# RX200S & Senses Herakles RTA



## fgrobler (2/7/16)

I'm doing research before I buy my first device.

I've been recommended by various sales people to buy the RX200S mod and on tanks it's a free for all. I've looked at various tanks and I like the Senses Herakles RTA. 

Any feedback on the hardware or alternative options will be appreciated. I'm chasing 1. flavour and 2. clouds

Thanks.

Sent from my SM-N910F using Tapatalk


----------



## daniel craig (2/7/16)

The RX200s is great choice, it packs both, power and battery life. It is on the bulky side and is quite heavy and big. It's not something that's practical to carry around but it's perfect as a desktop mod to use at home. Note that you will need an external charger since it isn't recommended to charge the batteries on the mod (even if you do, after a while you will get an "imbalance battery" error). So if you want the RX200s get a Nitecore i4 charger or a Efest Luc 4 bay or 6 bay charger. 

The Sense herakles RTA isn't the best when it comes to flavor however it is good for clouds and building is very easy. I will recommend that you look into getting the iJoy Tornado RTA rather, the tornado does good with flavor and clouds.

Reactions: Like 1


----------



## BumbleBee (3/7/16)

I'm using the Avo 24 on my RX200S, it's a really good combo, the atty looks good on it and it sits perfectly flush. I'm also looking at a bigger tank for this mod, specifically looking for something bigger than 22mm because I want a beefy looking RTA to match the muscle of the RX. So far the Griffin 25 is at the top of my list as I really enjoyed the flavour I was getting with the Griffin 22, and it looks badass

Reactions: Like 1


----------



## Silver (3/7/16)

@BumbleBee do you think its worth me getting a 24 Avo?
Worried about whether i will have a mission to get the wicking right


----------



## Silver (3/7/16)

PS - that avo on the RX200S looks amazing!


----------



## daniel craig (3/7/16)

+1 for the avocado. It's an excellent combo

Reactions: Like 1


----------



## BumbleBee (3/7/16)

@Silver the Avo is great, flavour is insane! It took me a few tries to get the wicking right. Buy this thing only if you're heavy into DIY or if you have an unlimited juice budget, yes it's that heavy on juice 

I think NASA gets better mialage out of their space rockets!
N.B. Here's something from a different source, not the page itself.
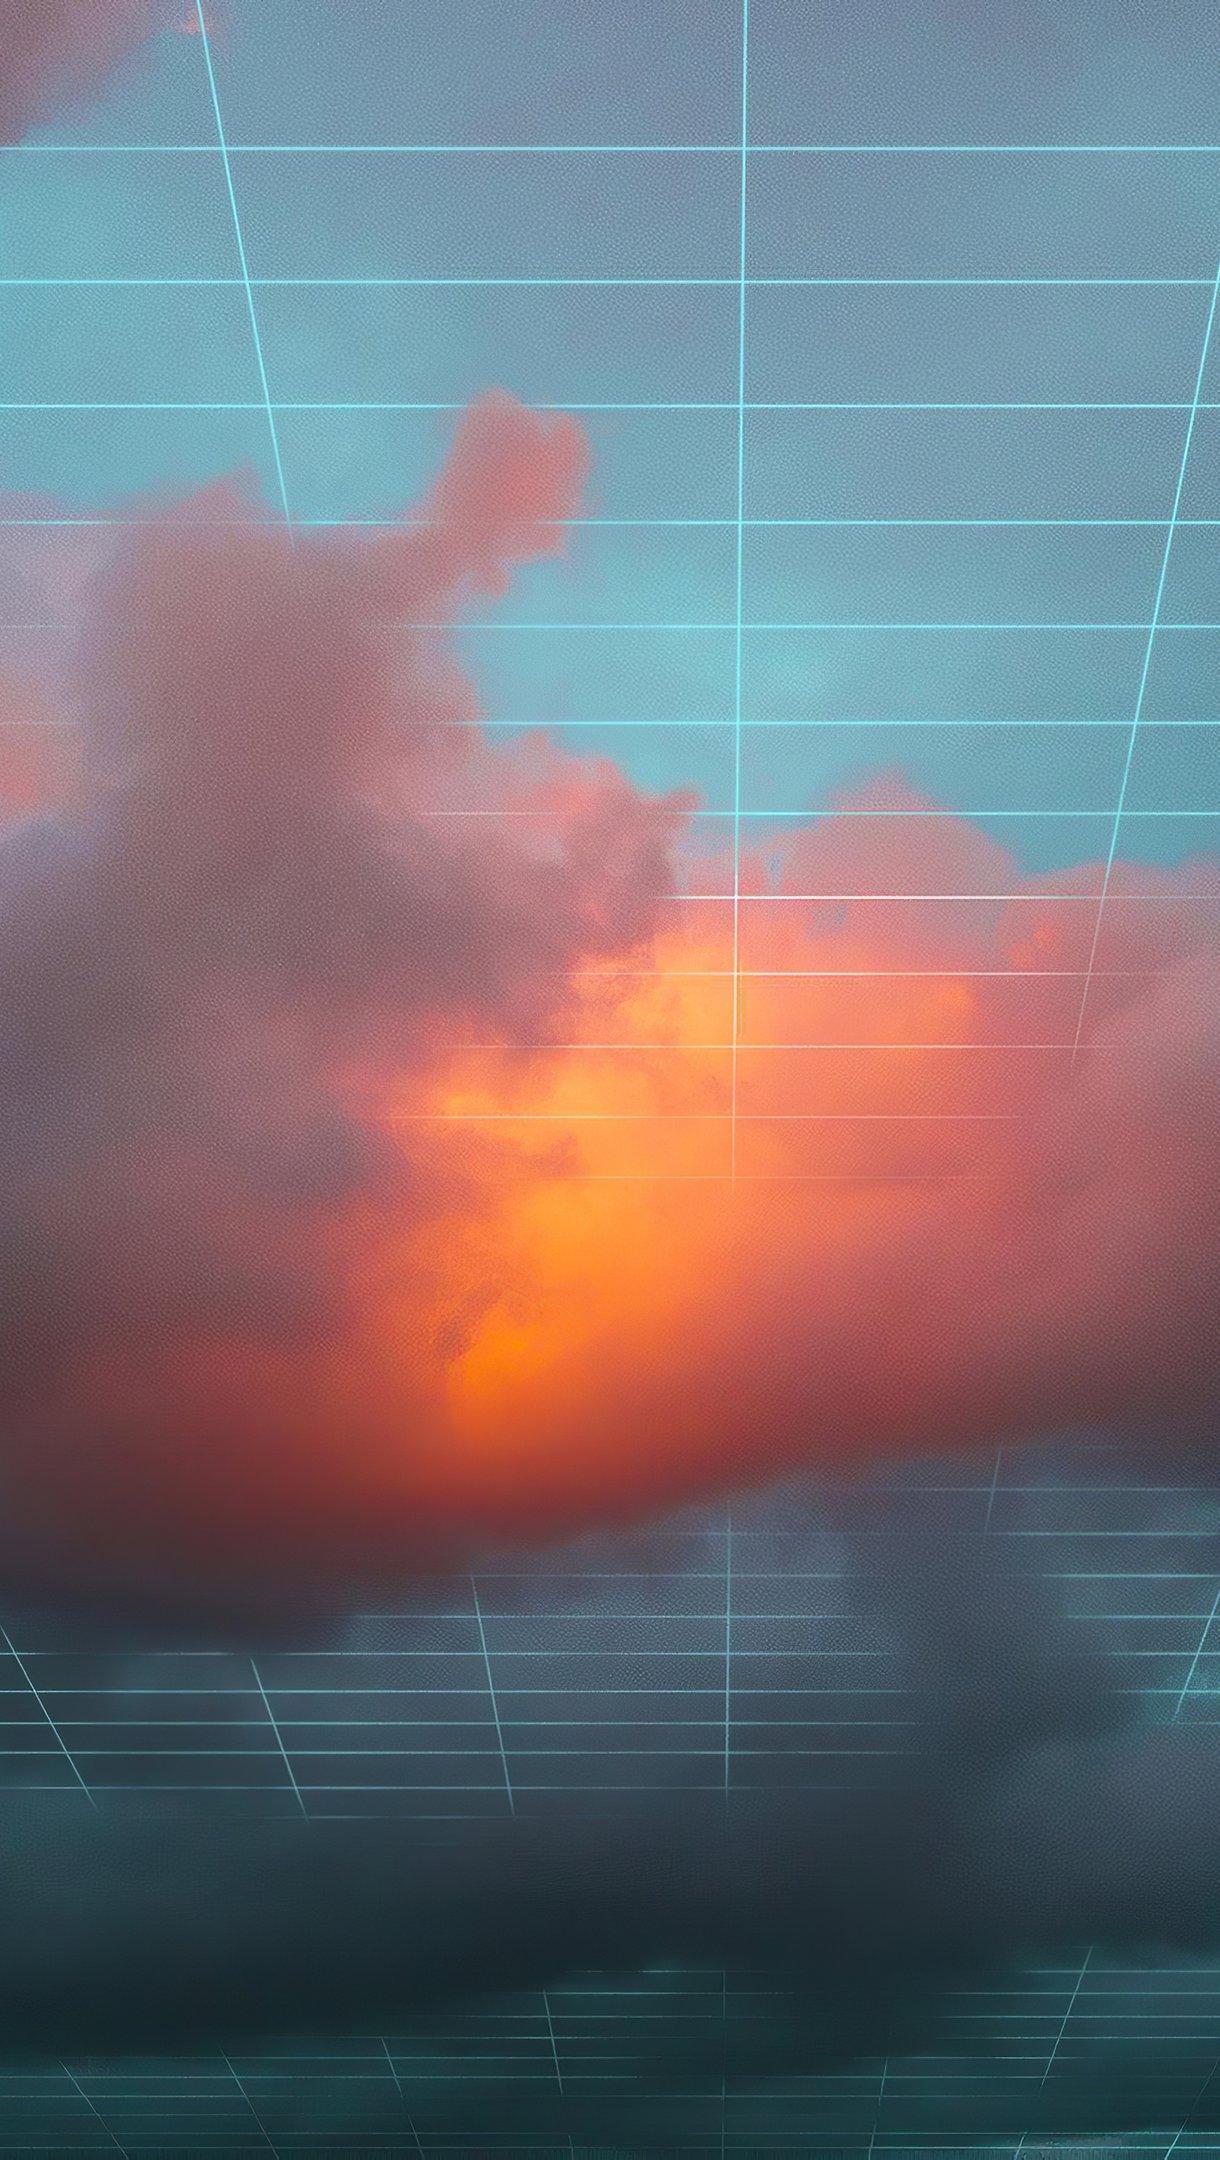 Fondos de pantalla Nubes digitales Vertical

Reactions: Like 1 | Thanks 1


----------



## Silver (3/7/16)

BumbleBee said:


> @Silver the Avo is great, flavour is insane! It took me a few tries to get the wicking right. Buy this thing only if you're heavy into DIY or if you have an unlimited juice budget, yes it's that heavy on juice
> 
> I think NASA gets better mialage out of their space rockets!



Thanks @BumbleBee - when you say insane flavour I will note that 
As for juice economy i suppose its good for me to experience the full spectrum from the mighty Evod which is about as economical as one can get to this Nasa space rocket. Hehe

Reactions: Agree 1


----------